Dakar is safe. I have been told this before. I am walking from Just4U, one of the local dancing spots. Tonight is hip-hop night and a band is made up of youth from Chiekh Anta Diop University. They are belting rap songs in a seamless mix of French and Wolof. The crowd is enjoying every bit of it. I decide to walk to my hotel. A man of my age with a long cylindrical loaf of bread joins me. We exchange pleasantries and I am pleasantly surprised that he speaks a bit of English. My excitement quickly turns to frustration because of our inability to understand each other and communicate freely as Africans. It is disturbing that the only pathway for Africans to understand each other within Africa is to master the language of former colonialists. Is there hope in the unifying power of language; the way Swahili operates in East Africa? Tanzania seems to be doing fine after replacing English with Swahili as the main language of instruction in schools.

I am lucky my new friend Mohammed understands some English. His brother works in Dubai as a waiter and has a Kenyan girlfriend. We are immediately connected.  Mohammed says, “I walk you like this, me is gud polis.” We smile in the night breeze of the Atlantic. He nudges me on the side, lifts his shirt and shows me a pistol. He realizes my concern and quickly moves to assure me saying, “Here, polis no shoot people.” I am rather disturbed that I am very relaxed in the presence of a stranger with a gun. Normally I am suspicious of cops. In my home country Kenya, years of corruption have blurred the line between a common thief and a police officer. An armed police officer as well as an armed robber have robbed me in Kenya. In the United States where I work, the history of police killings of black people has made me very paranoid of the police. I have learned instinctively to change lanes in traffic whenever there is a police car behind me.

Mohammed pulls out his phone and shows me photos where he is in official paramilitary uniform.  I am thinking, how did I come to trust these people so easily? Then it hits me. It is something in the people of Senegal that is so endearing. You can feel it when you arrive at the Léopold Sédar Senghor International Airport. It is their good nature. Dignified men and women come out in groups to work out at the gyms set up by the government right on the sandy shores of the Atlantic. People are obsessed with physical fitness and spirituality.
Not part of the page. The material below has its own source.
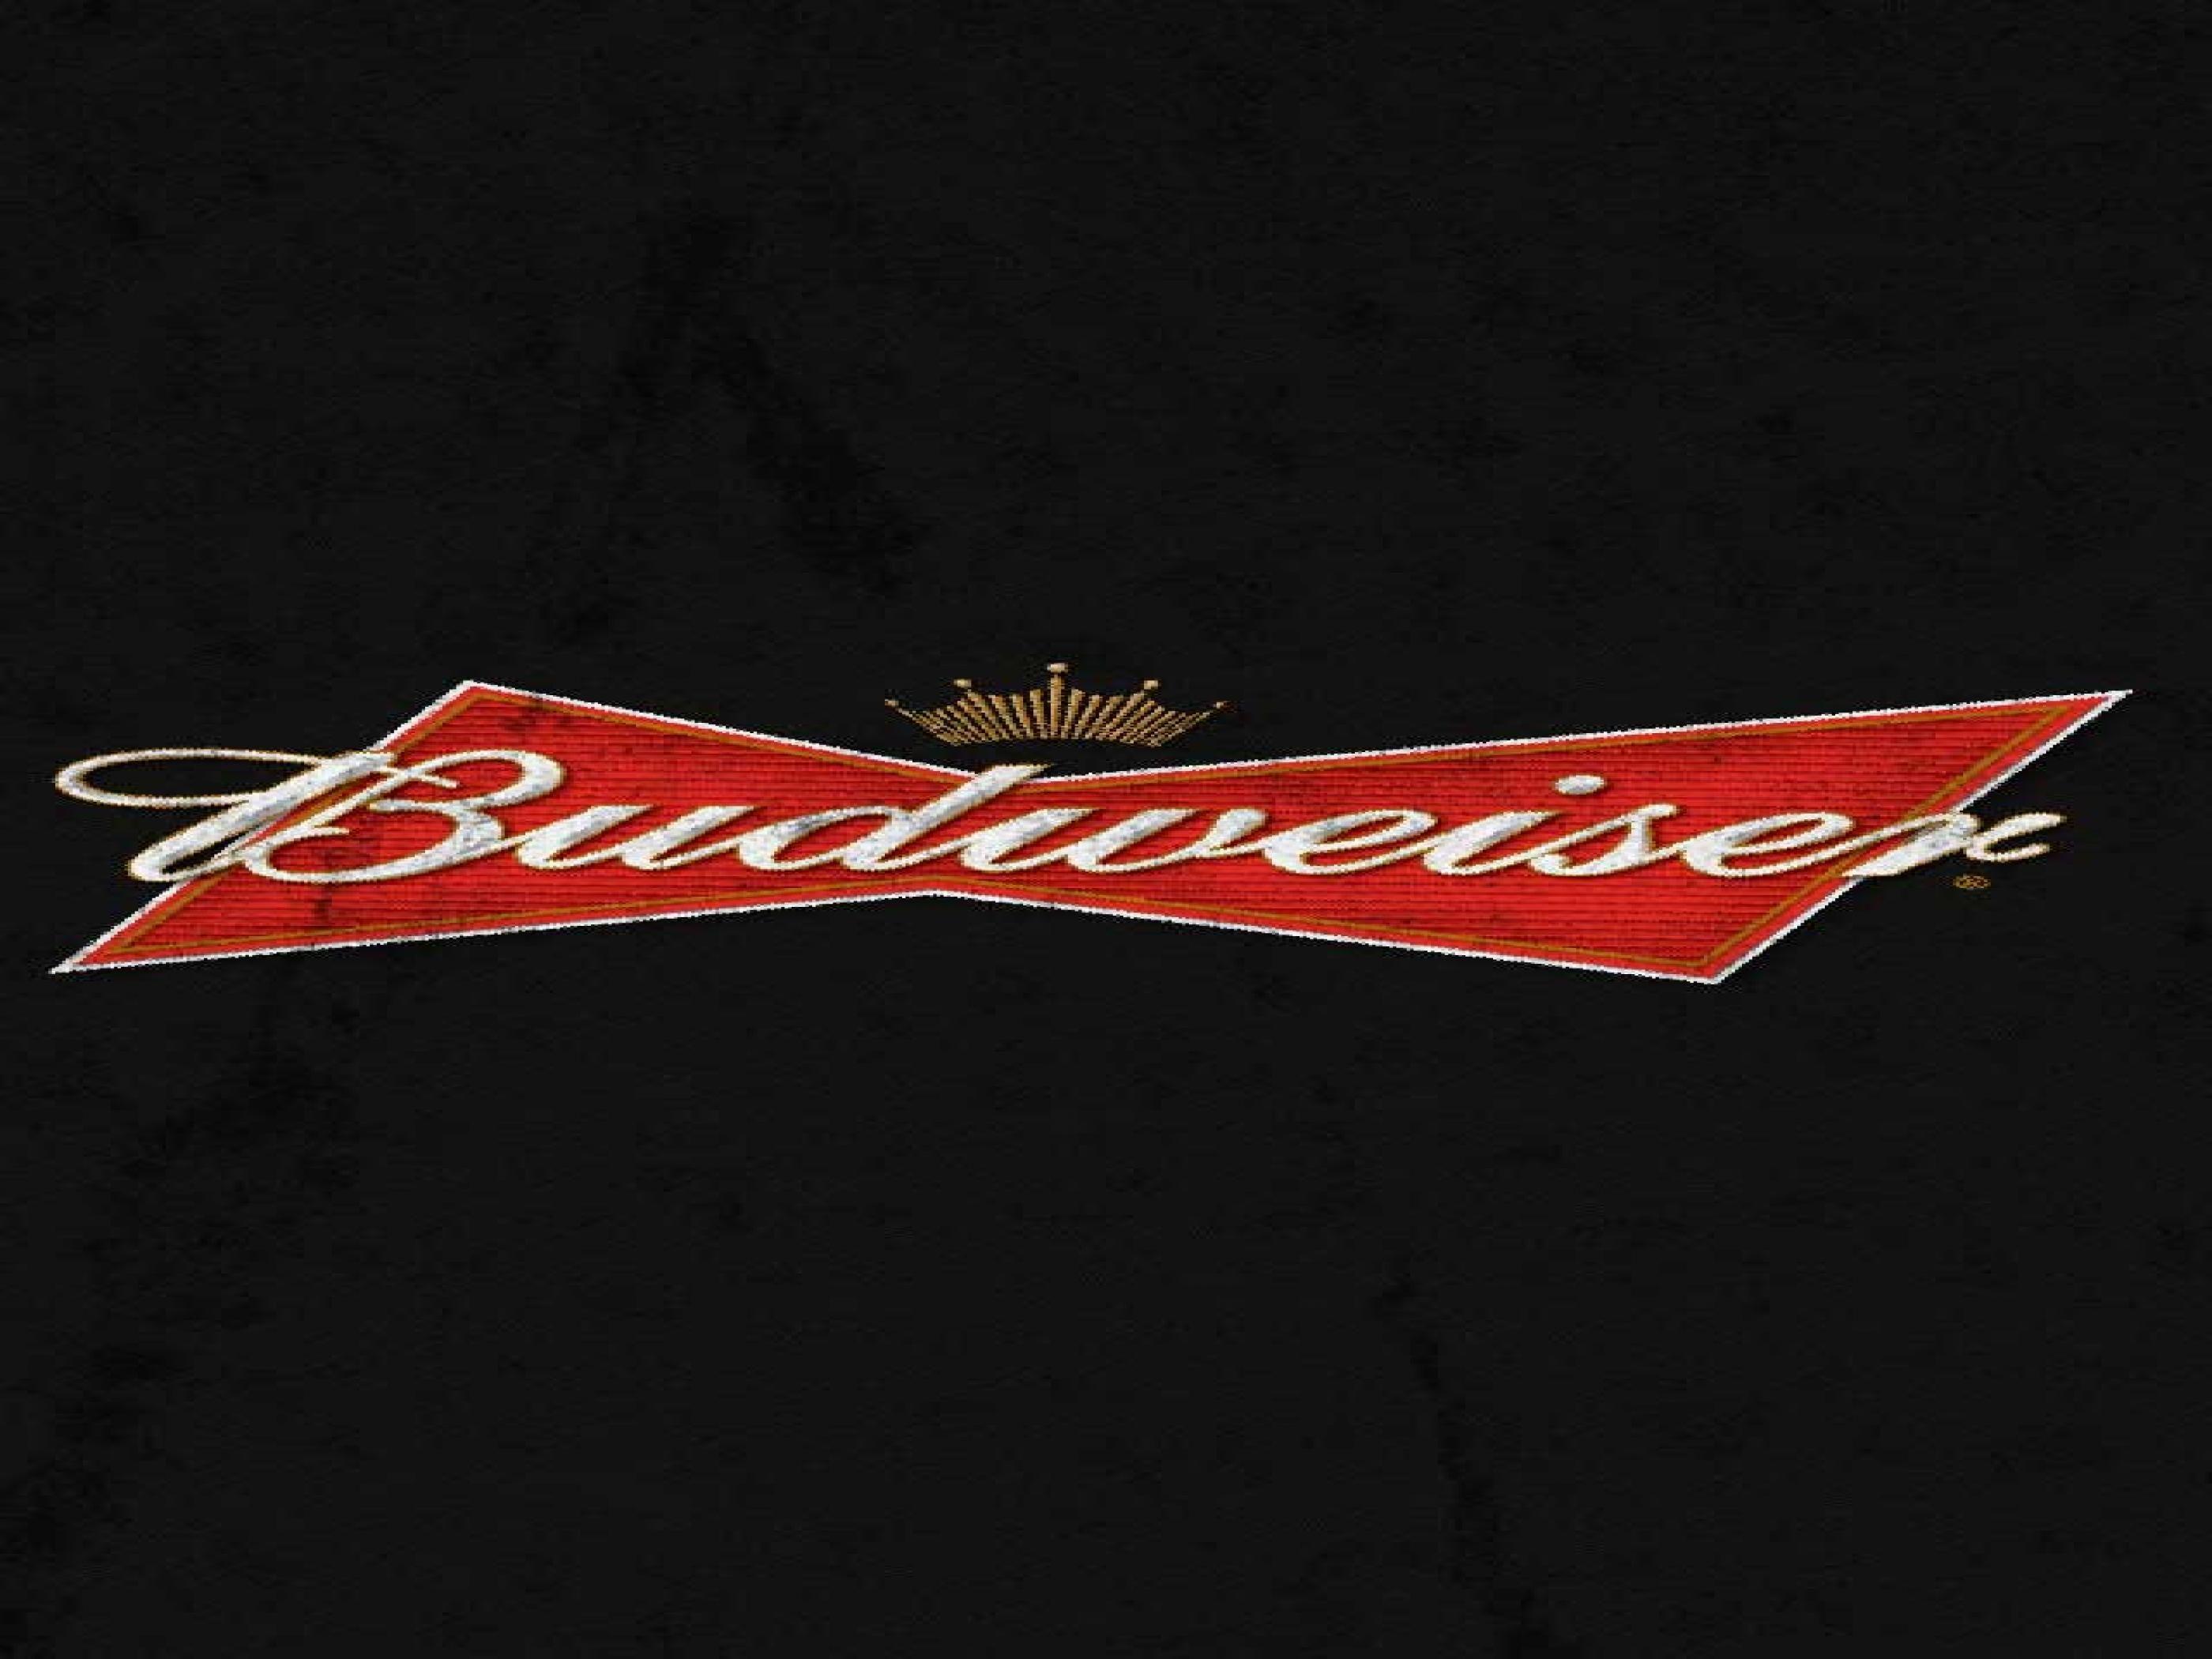 Bud Shootout Wallpaper, Background, Theme, Desktop  |Budweiser Select Wallpaper

I later visit  Goree Island aboard a ferry named “Beer.” It coincides with visits by various school- going teenagers. At the slave house, one of the main attractions at the Island, our guide, Abdou says, “Twenty-five million slaves were sold through this Island.  Six million died.” He points at me saying, “Strong men like him, would fetch a lot of money. Thin men, would be fed blood beans to fatten up like cattle to fetch more money.” This is a lot to take in. “And young girls, like this one,” Abdou points out at one of the school girls, “fetched a lot of money because they were virgins. Older women were cheaper.” The schoolchildren are giggling. They are eager to get into the tiny cells that held trouble-making slaves.

When we finally step out of the slave house, we find Amina and a cohort of women waiting for us to go buy their merchandise. Amina’s child has traditional African beads straddling her waist. Amina says that the beads keeps evil spirits away. I tell her I was raised Christian and that my parents would always fight my grandmother when she tried putting similar beads on my nephew’s waist. I am wondering how these people have found a way to blend African spirituality with Islam.

Amina says, “African God, no fight with Islam.”